1. 前言
OS世界的三大天尊之一,ActivityManagerService,下文將稱其AMS,他的作用包括進程管理,內存管理,組件管理等,作用毋庸置疑,學習AMS,跟蹤過程,弄懂原理,對系統開發定製有極大的幫助,對應用開發也可以借鑑他的架構設計自己的獨有模式,並且可以全局分析上層可能出現的問題。有時間就填坑吧,哈哈哈。
2. UI相關
作爲Android系統核心應用,SystemUI負責反饋系統及應用狀態並與用戶保持大量的交互。耳熟能詳的三欄:StatusBar(狀態欄)、NavigationBar(導航欄)與Notification Panel(通知欄),以及Recents(近期任務界面),使用起來方便又快捷。另外Keyguard(鎖屏界面)也是屬於SystemUI的一部分。並且在Android8.0代碼中,Keyguard模塊已經從外部被合併到SystemUI源碼目錄下。
3. 任務棧相關
4. 組件相關
AMS與四大組件的註冊,啓動,註銷相關,這裏只說一下Activity組件的註冊,啓動,註銷過程,此過程大體如下:
中間細節圖如下:
上圖是根據android4.4.2所繪,中間還有一個細節需要提一下,如下:
framworks/base/services/java/com/android/server/am/ActivityStackSupervisor.java
void startSpecificActivityLocked(ActivityRecord r,
boolean andResume, boolean checkConfig) {
// Is this activity's application already running?
ProcessRecord app = mService.getProcessRecordLocked(r.processName,
r.info.applicationInfo.uid, true);
r.task.stack.setLaunchTime(r);
//1
if (app != null && app.thread != null) {
try {
if ((r.info.flags&ActivityInfo.FLAG_MULTIPROCESS) == 0
|| !"android".equals(r.info.packageName)) {
// Don't add this if it is a platform component that is marked
// to run in multiple processes, because this is actually
// part of the framework so doesn't make sense to track as a
// separate apk in the process.
app.addPackage(r.info.packageName, mService.mProcessStats);
}
realStartActivityLocked(r, app, andResume, checkConfig);
return;
} catch (RemoteException e) {
Slog.w(TAG, "Exception when starting activity "
+ r.intent.getComponent().flattenToShortString(), e);
}
}
//2
mService.startProcessLocked(r.processName, r.info.applicationInfo, true, 0,
"activity", r.intent.getComponent(), false, false, true);
}
從註釋1的判斷來看,說明當前的Activity所在的進程存在的話,則執行realStartActivityLocked,也就是上圖所繪流程。當前Activity所在的進程不存在的情況了則走註釋2處的startProcessLocked的函數。
這裏與app的冷啓動與熱啓動相關。這部分之前有寫過相關的內容,下面我則挪過來用好了,懶~
4.1 客戶端請求
frameworks/base/services/java/com/android/server/am/ActivityManagerService.java
private final void startProcessLocked(ProcessRecord app,
String hostingType, String hostingNameStr) {
try {
......
// Start the process. It will either succeed and return a result containing
// the PID of the new process, or else throw a RuntimeException.

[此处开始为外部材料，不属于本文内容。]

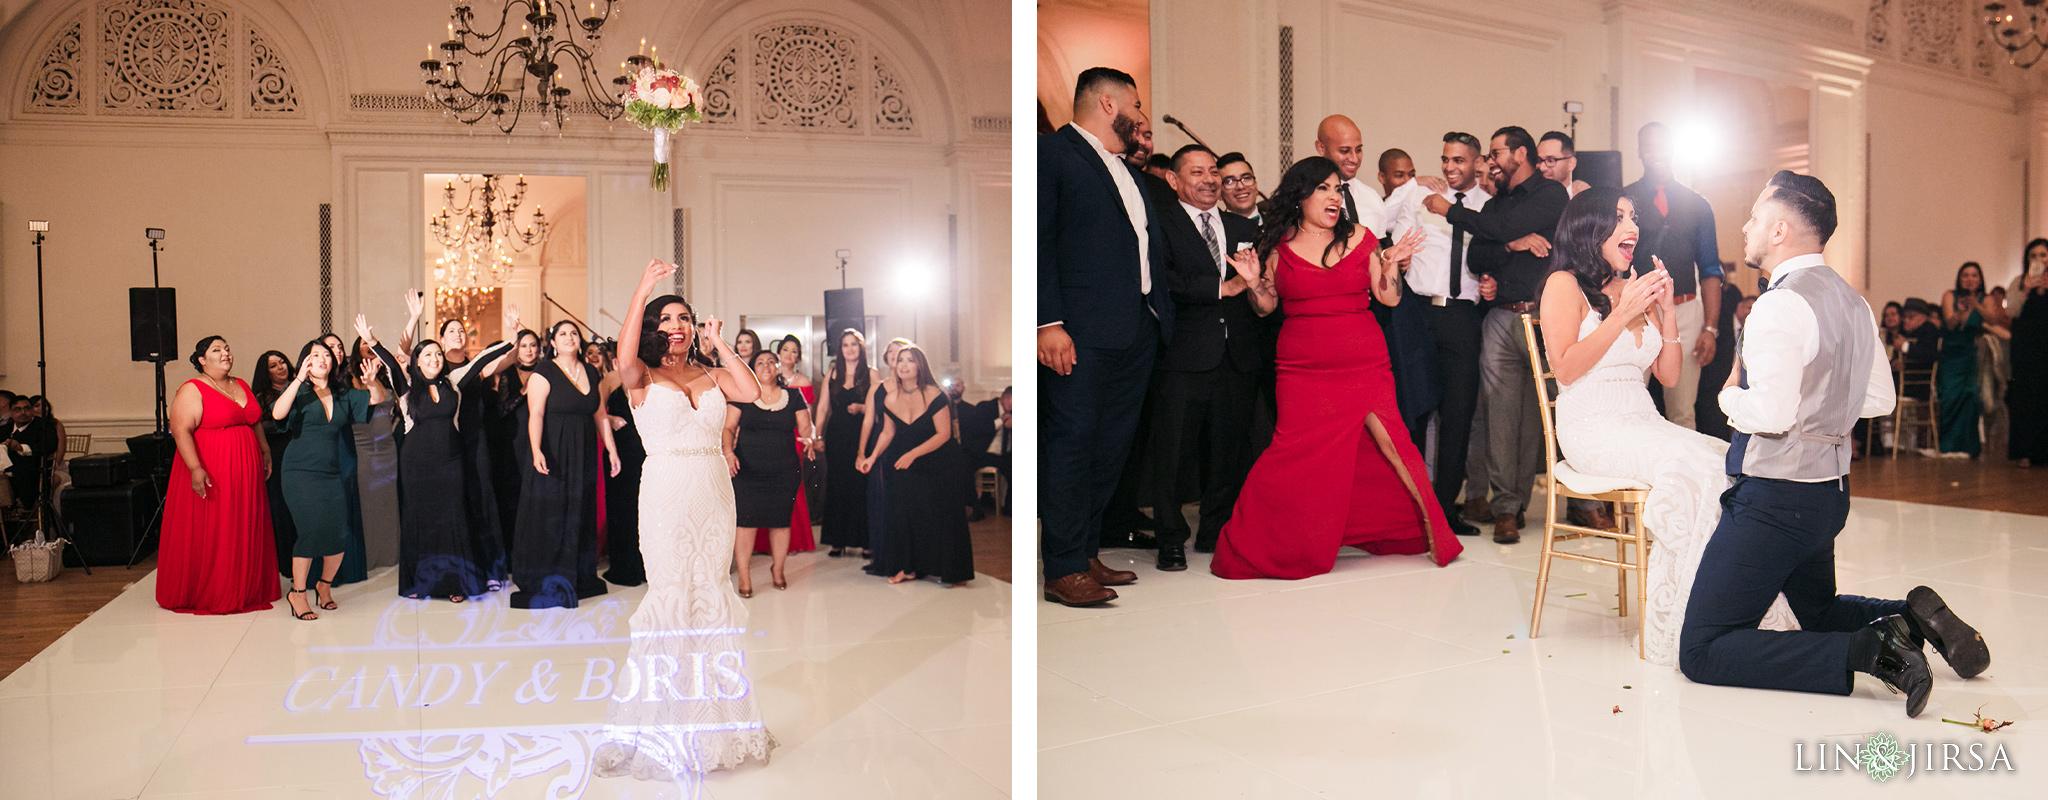 0804 Alexandria Ballroom Los Angeles County Wedding Photography

Process.ProcessStartResult startResult= Process.start("android.app.ActivityThread",
app.processName, uid, uid, gids, debugFlags, mountExternal,
app.info.targetSdkVersion, app.info.seinfo, null);
.......
}
}
===========/frameworks/base/core/java/android/os/Process.java =========
public static final ProcessStartResult start(final String processClass,
final String niceName,
int uid, int gid, int[] gids,
int debugFlags, int mountExternal,
int targetSdkVersion,
String seInfo,
String[] zygoteArgs) {
try {
return startViaZygote(processClass, niceName, uid, gid, gids,
debugFlags, mountExternal, targetSdkVersion, seInfo, zygoteArgs);
} catch (ZygoteStartFailedEx ex) {
Log.e(LOG_TAG,
"Starting VM process through Zygote failed");
throw new RuntimeException(
"Starting VM process through Zygote failed", ex);
}
}
===========/frameworks/base/core/java/android/os/Process.java =========
private static ProcessStartResult startViaZygote(final String processClass,
final String niceName,
final int uid, final int gid,
final int[] gids,
int debugFlags, int mountExternal,
int targetSdkVersion,
String seInfo,
String[] extraArgs)
throws ZygoteStartFailedEx {
synchronized(Process.class) {
……
return zygoteSendArgsAndGetResult(argsForZygote);
}
}
startViaZygote的絕大部分代碼都在處理傳遞到Zygote中的參數,與Zygote通信通過zygoteSendArgsAndGetResult()方法完成:
===========/frameworks/base/core/java/android/os/Process.java =========
private static ProcessStartResult zygoteSendArgsAndGetResult(ArrayList<String> args)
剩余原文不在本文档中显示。